Added Jun 11, 2019
Je suis noble insecte insouciant qui chante,
Au solstice d'été, dès l'aurore éclatante,
Dans les pins odorants, mon chant toujours pareil
Comme le cours égal des ans et du soleil.
De l'été rayonnant et chaud je suis le Verbe,
Et quand, las d'entasser la gerbe sur la gerbe,
Les moissonneurs, couchés sous l'ombrage attiédi.
Dorment en haletant des ardeurs de midi,
Alors, plus que jamais, je dis, joyeuse et libre,
La strophe à double échos dont tout mon être vibre,
Et tandis que plus rien ne bouge aux alentours,
Je palpite et je fais résonner mes tambours ;
La lumière triomphe, et, dans la plaine entière,
On n'entend que mon cri, gaîté de la lumière.

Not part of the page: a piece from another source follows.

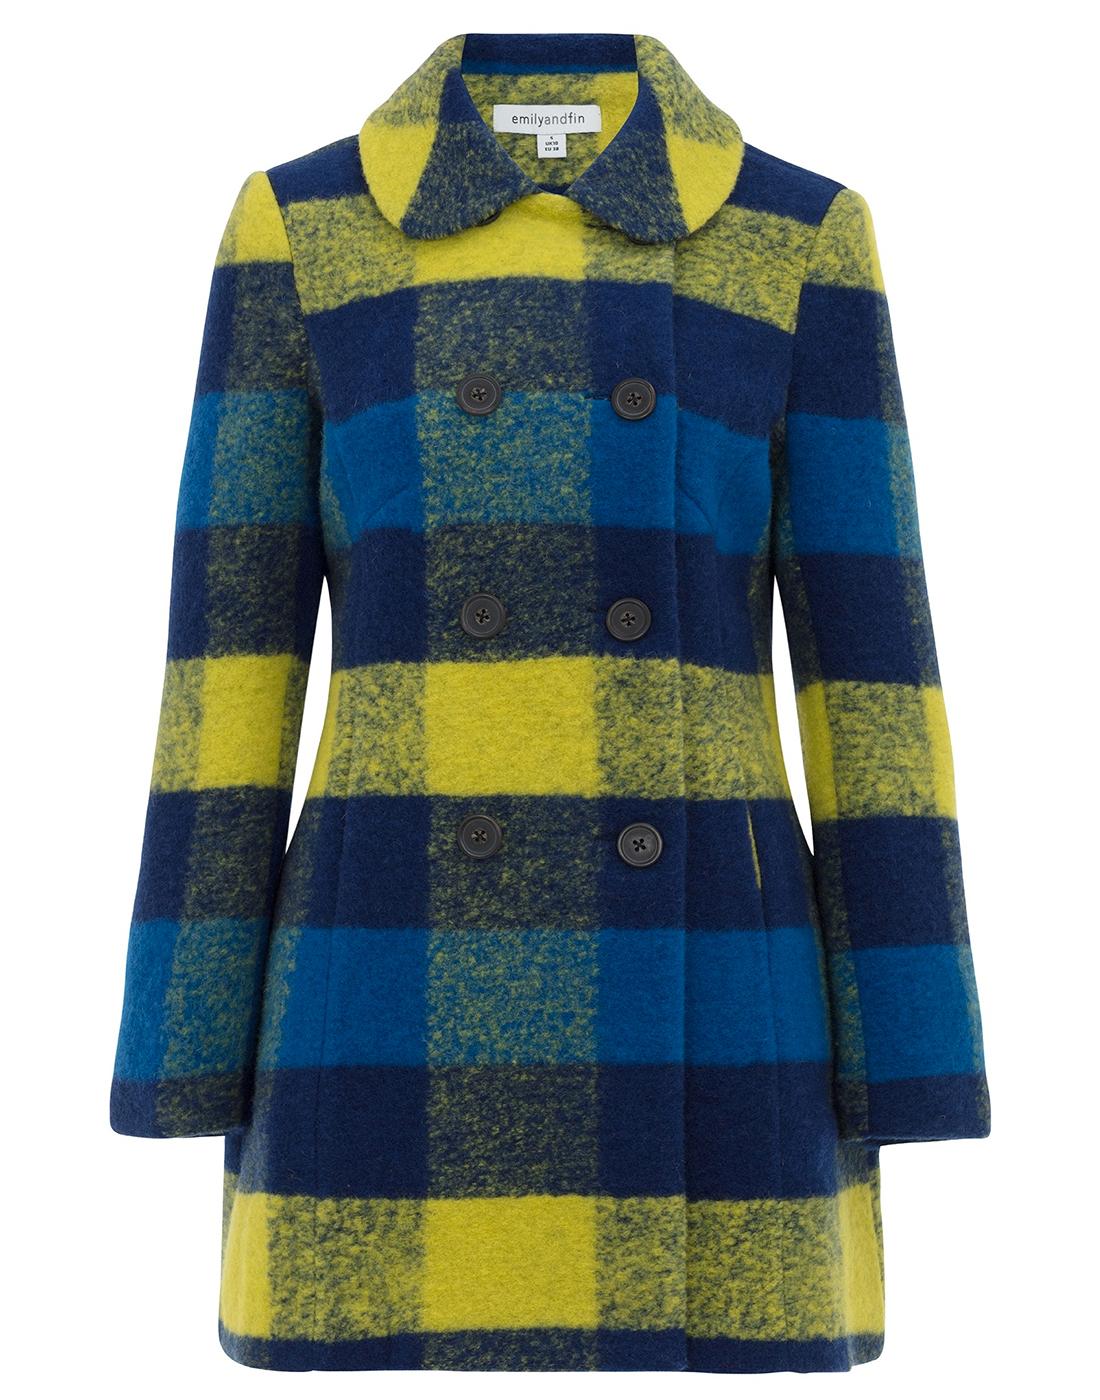 Lydia EMILY AND FIN Retro Vintage Wool Winter Coat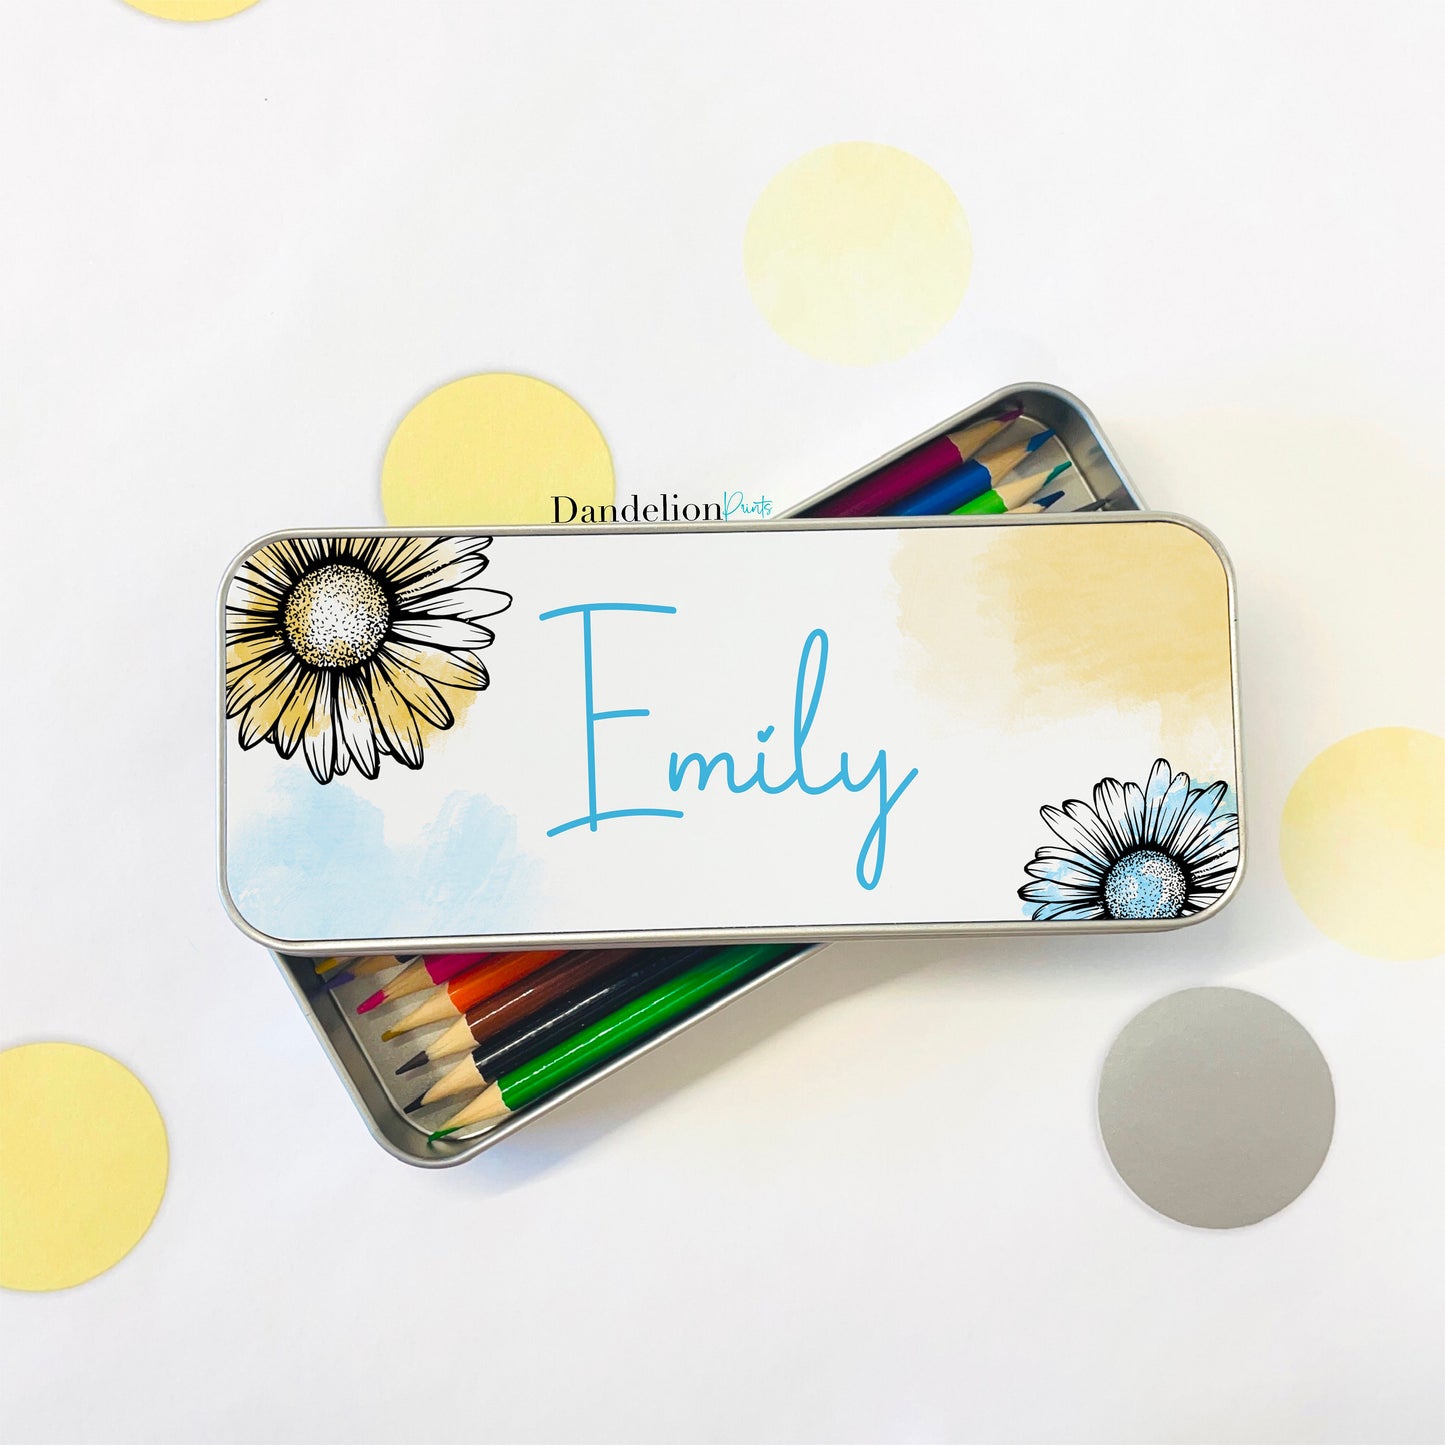 This is a pretty pencil tin with blue and yellow watercolour splashes. In the top left and bottom right corners are a pink and yellow outline daisy with a water colour splash. This pen or pencil tin is printed with a name in the middle.

Comme le papillon, je puise au cœur des fleurs
L'eau pure qu'y laissa tomber la nuit en pleurs.
Je suis par le soleil tout-puissant animée ;
Socrate m'écouta ; Virgile m'a nommée ;
Je suis l'insecte aimé du poète et des dieux ;
L'ardent soleil se mire aux globes de mes yeux ;
Mon ventre roux, poudreux comme un beau fruit, ressemble
A quelque fin clavier d'argent et d'or, qui tremble ;
Mes quatre ailes aux nerfs délicats laissent voir,
Transparentes, le clair duvet de mon dos noir.
Et comme l'astre au front inspiré du poète,
Trois rubis enchâssés reluisent sur ma tête.
Jean Aicard, La Cigale in Poèmes de Provence, 1873
Lu par Estelle Delort de la troupe Du Bruit sur les planches lors de mon exposition Vol à dos d'abeille en mai 2019.